U.S. escalates Ukraine crisis

U.S. Secretary of State John Kerry flew to Kiev on March 4 and laid flowers at the site of a memorial — to fascists who had died in the fighting that toppled the legally elected Ukrainian government, headed by Viktor Yanukovych.

He then demanded that Russia recognize and talk with the pro-Western puppets who had been installed after Yanukovych was driven from office by force and terror. Kerry announced a $1 billion loan to keep the newly installed regime afloat. He also announced sanctions against Russia — and threatened more sanctions if the Russian government did not bend to Washington’s dictates.

Kerry denounced Russia’s show of military force in the Crimea, an autonomous region with a majority of Russian-speaking citizens, as “aggression,” even though all accounts say that the population welcomed them.

The actual aggression took place on the Maidan Square at the end of February, when a coalition of pro-Nazi, ultra-right-wing, anti-Semitic nationalists, armed and organized by the Right Front, set fires and seized arms from arsenals in Kiev and Lviv. They attacked the police and threatened to attack the Yanukovych government. These are the forces that Kerry calls the “Ukrainian people.”

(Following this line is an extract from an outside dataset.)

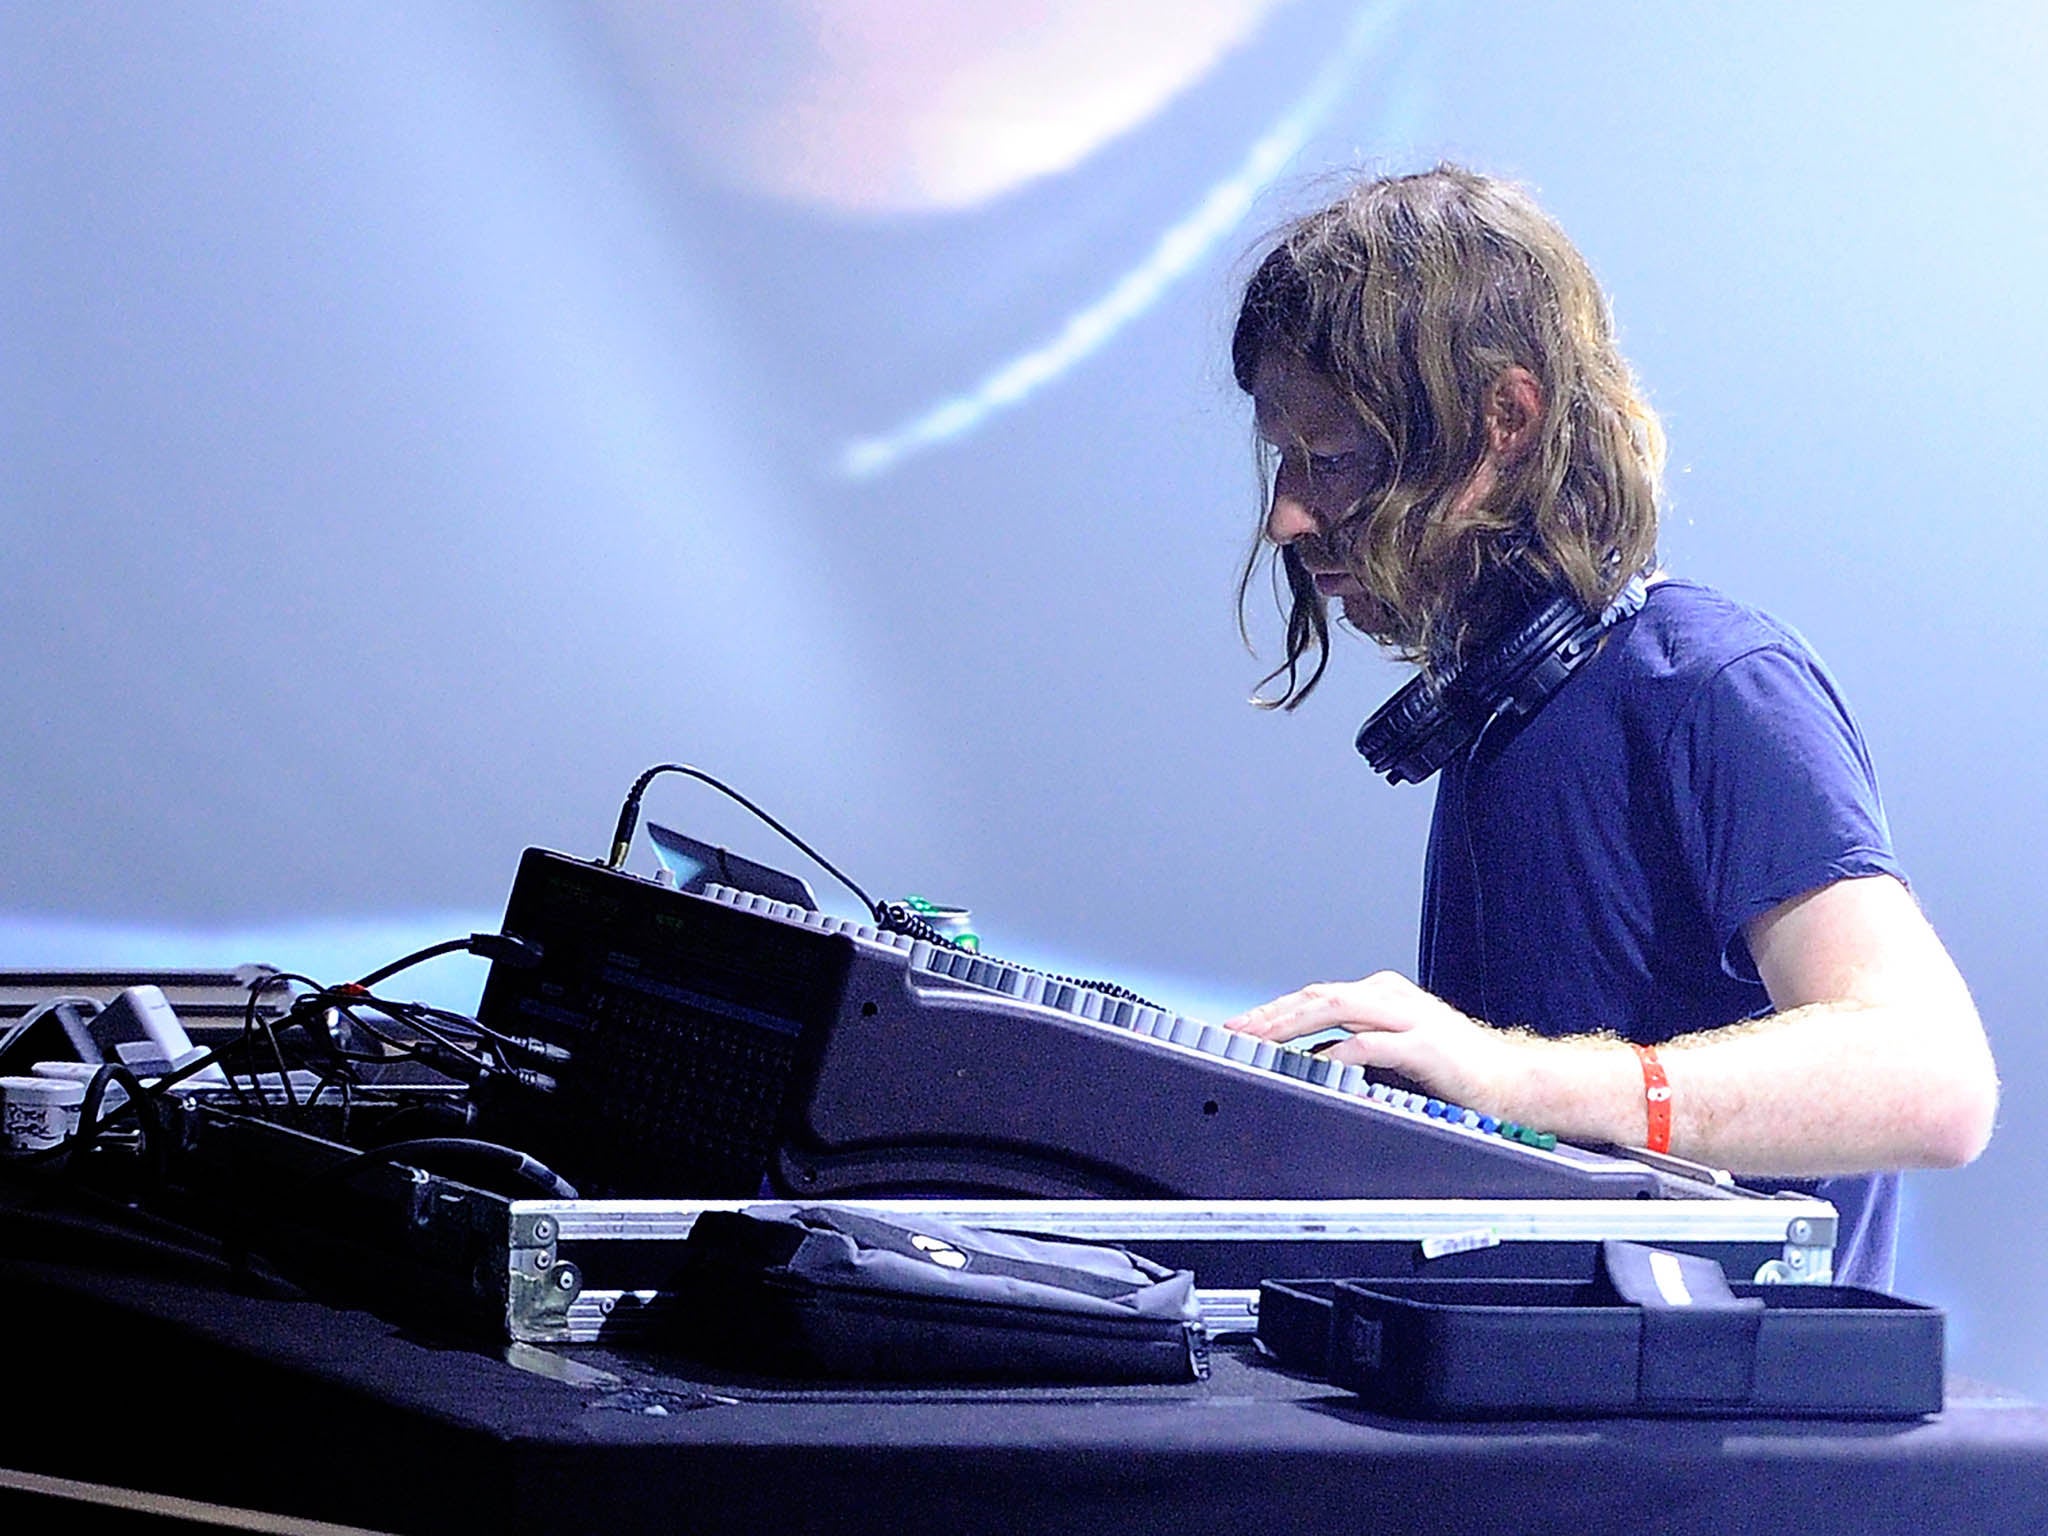 Aphex Twin performs on stage during day one of the Pitchfork Music Festival at the Grande Halle de La Villette (Kristy Sparow/Getty)

Noticeably absent during Kerry’s appearance in Kiev were any representatives from the West European imperialist powers.

Washington is twisting the other imperialists’ arms and they may have to get into the act eventually. But it is the right-wing hawks in the U.S. ruling establishment who have seized the initiative and are pressing ahead toward deepening the confrontation over Ukraine.

Kerry knew before he spoke in Kiev that Russian President Vladimir Putin had conducted his first interview on Russian television on the question of the crisis. Kerry was fully aware that Putin had denounced the right-wing takeover as “an anti-constitutional coup and a military seizure of power” and noted the “revelry of neo-Nazis, nationalists and anti-Semitic elements that is currently going on in different parts of the Ukraine.” (RiaNovosti, en.ria.ru, March 4)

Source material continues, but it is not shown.